The retinoblastoma gene is known to be regulated by
Sp1 (42) and its expression is down-regulated during
differentiation(43) . However, other Sp1 regulated genes carry
out housekeeping functions and as such are required to be active in
terminally differentiated tissues. The general regulation in Sp1 DNA
binding activity would seem to preclude the expression of all Sp1
dependent genes in terminally differentiated tissues. Other
transcription factors are induced upon terminal differentiation and
could functionally compensate for the loss of Sp1 activity.
Alternatively, promoters which remain active after terminal
differentiation may have higher affinity binding sites for Sp1. This
might be an intrinsic property of the site, as appears to be the case
for the DBP site II, or protein-protein interactions could stabilize
Sp1 binding. Given that the change in K of Sp1 is
approximately 10-fold upon phosphorylation, significant binding to
promoters with high affinity sites would still be possible.

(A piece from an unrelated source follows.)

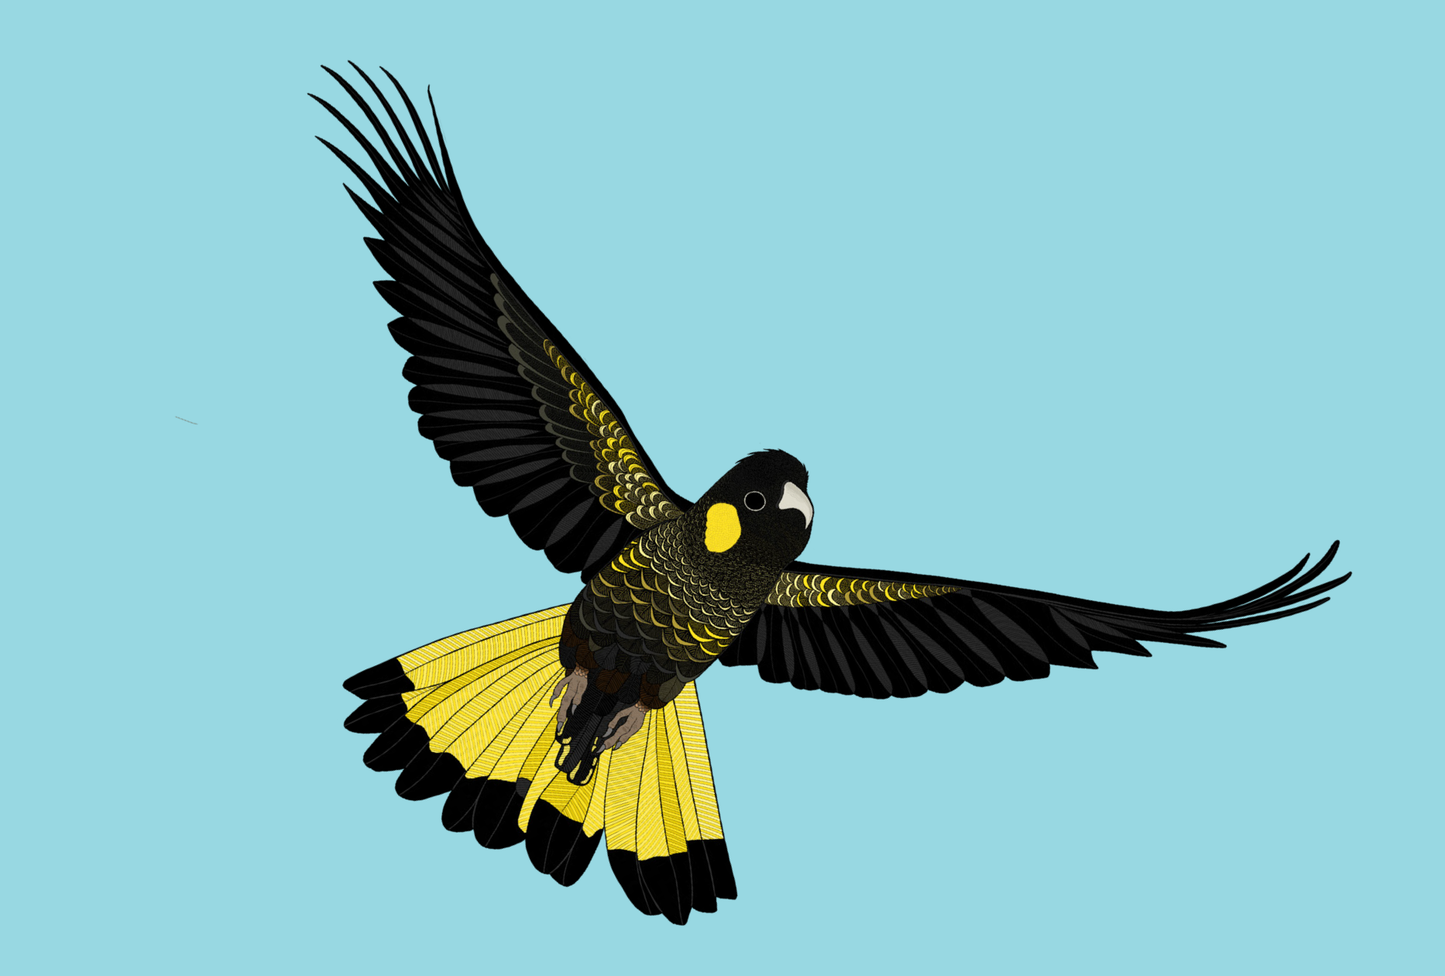 Australian Animal Card - Yellow-tailed Black Cockatoo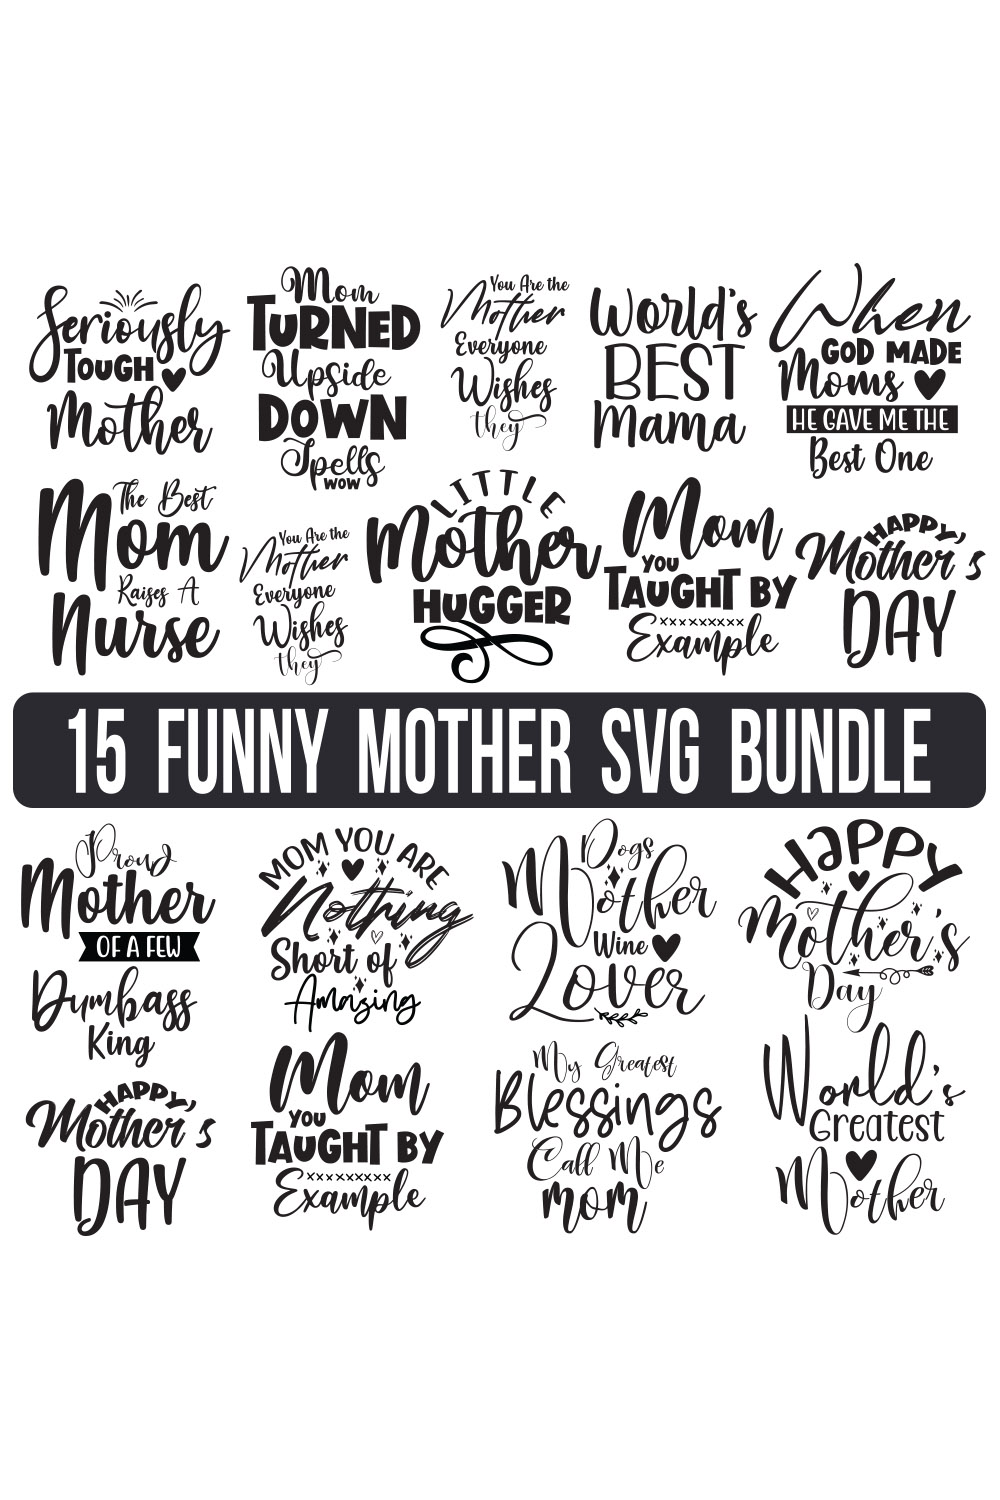 Women's Day SVG Bundle,Women's Day SVG designs,Girl power designs, SVG files,Digital downloads, Mom Bundle SVG, Mother's Day Svg, Mom Svg, pinterest preview image.

Phosphorylation of c-Myb by casein kinase II has been shown to affect
its binding to weak sites to a much greater degree than to strong sites (44) . This could provide for differential regulation of genes
where promoters with low, mid, and high affinity Sp1 sites are all
active in replicating, un-differentiated cells. Differentiation would
then result in the selective deactivation of promoters with lower
affinity sites which, if these genes were required for growth would
also bring about growth arrest. The high affinity promoters would
remain active under these circumstances and continue to produce
necessary proteins. This differentiation-induced phosphorylation of Sp1
does not appear to be unique to the liver as Sp1 activity can be
induced by phosphatase treatment in all adult tissues examined. In
addition, there does appear to be a correlation between the proportion
of actively replicating cells in a given tissue and the amount of Sp1
activity present. These observations suggest that alterations in the
phosphorylation state of Sp1 may be part of a ubiquitous mechanism
linking the regulation of growth and differentiation.